Es gibt einige Bahngesellschaften, die nun misstrauisch werden dürften. Die Betreiber des Eurostars etwa, der Paris und London verbindet. Oder auch die Deutsche Bahn, die - in Kooperation mit der SNCF - von Paris aus nach Frankfurt/Main und Stuttgart fährt.

Im Berliner Bahn-Tower herrscht noch Gelassenheit. Ein Sprecher sagte, der Konzern erwarte von 2010 an neue Wettbewerber. "Aber wir sind sehr gut gerüstet." Offenbar führt die Air France mit dem Bahn-Management bereits Sondierungsgespräche über mögliche Kooperationen. Ein Sprecher der Bahn bestätigte diese Gespräche. Das Kooperationsangebot gelte jedoch nicht auf den Strecken, die momentan durch die Bahn abgedeckt würden.
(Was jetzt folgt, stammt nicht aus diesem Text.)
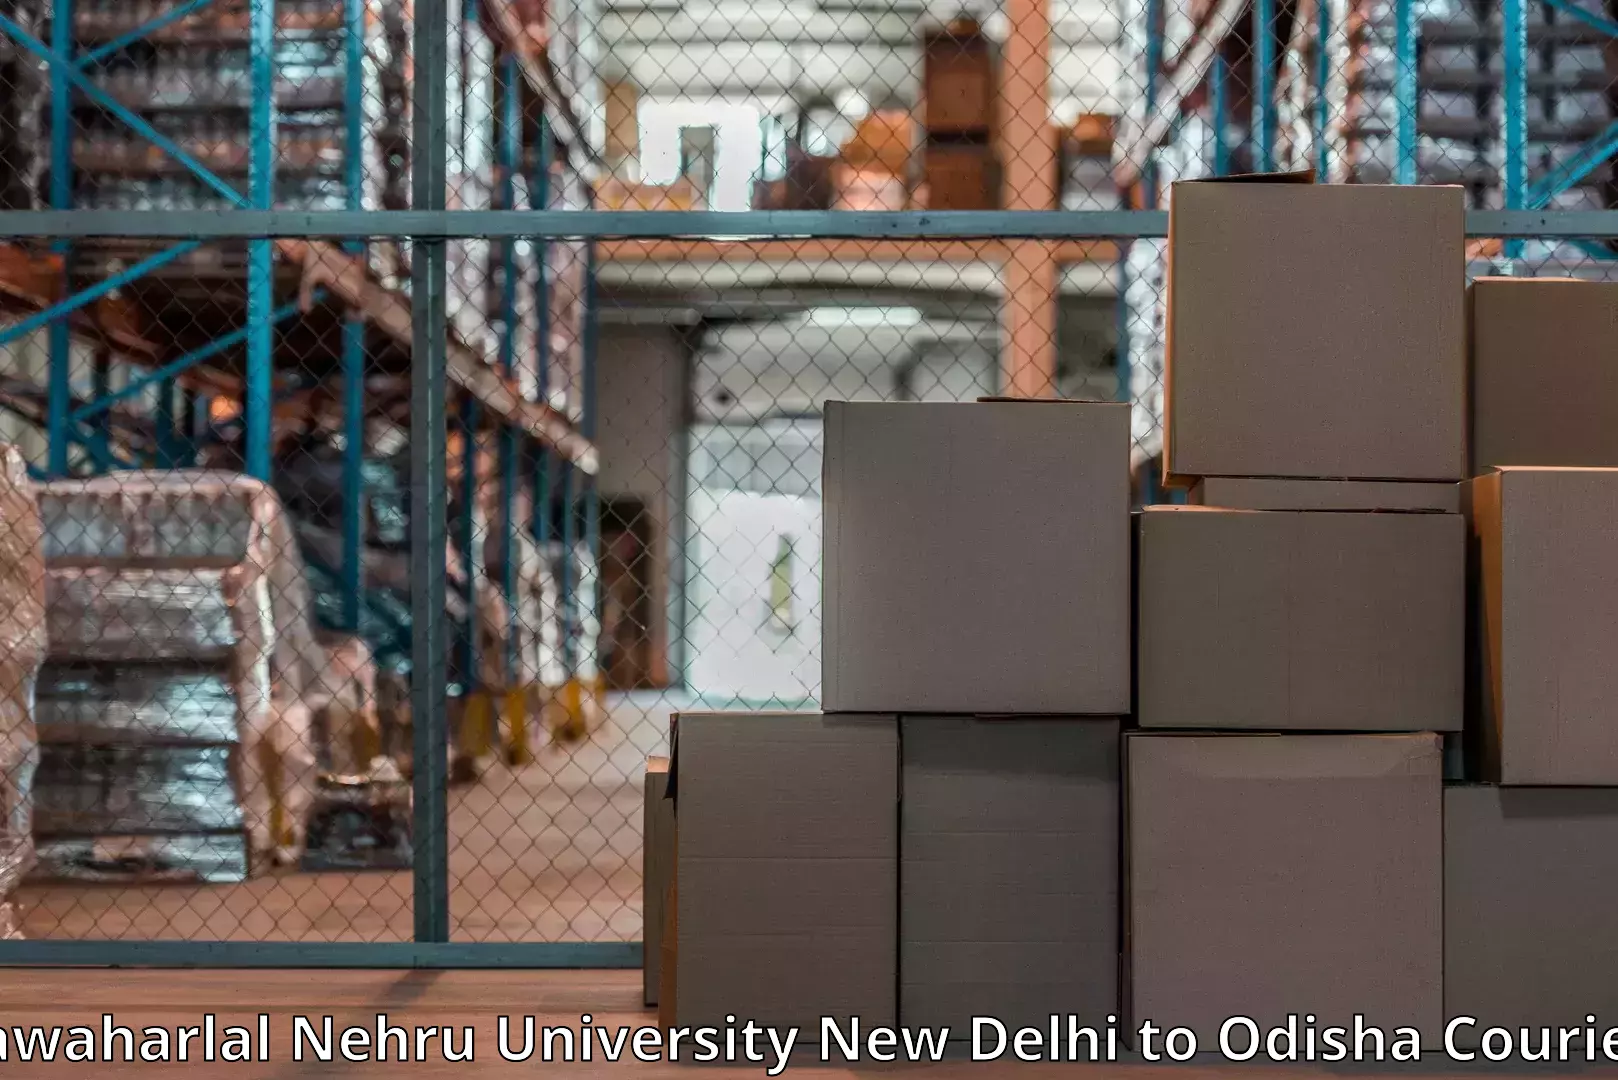 Door-to-door relocation services Jawaharlal Nehru University New Delhi to Odisha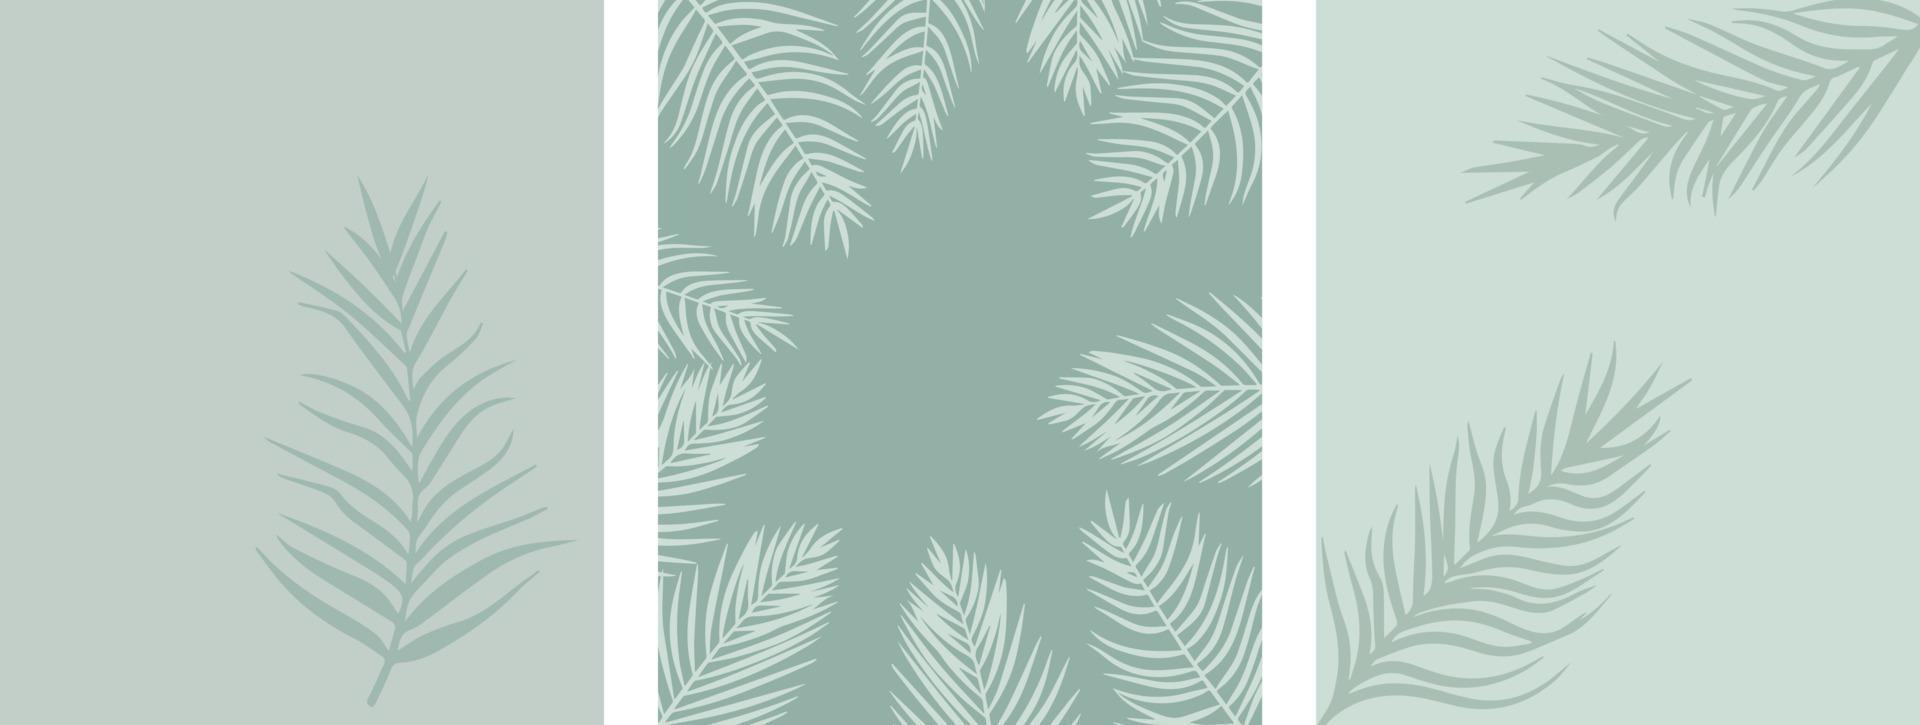 arrière-plans exotiques d'été avec des branches de palmier vecteur

Koalitionen werden geschmiedet, Bündnisse geschlossen - die Bahngesellschaften und Airlines haben die Hochgeschwindigkeitsverbindungen zwischen den europäischen Metropolen im Visier. Die Kunden dürfte das freuen, schließlich könnte der Preiskampf die Ticketpreise nach unten treiben. Und andere Anbieter könnten dem Beispiel von Air France-KLM folgen.

Dass Schiene und Himmel immer enger zusammenwachsen, hatte Air-France-Chef Jean-Cyril Spinetta bereits vor zweieinhalb Jahren erkannt. Eines Tages wolle sein Unternehmen Züge "in den Farben von Air France" einsetzen, hatte der Manager gesagt. Ein Zug sei schließlich nichts anderes als "ein Flugzeug, das rollt".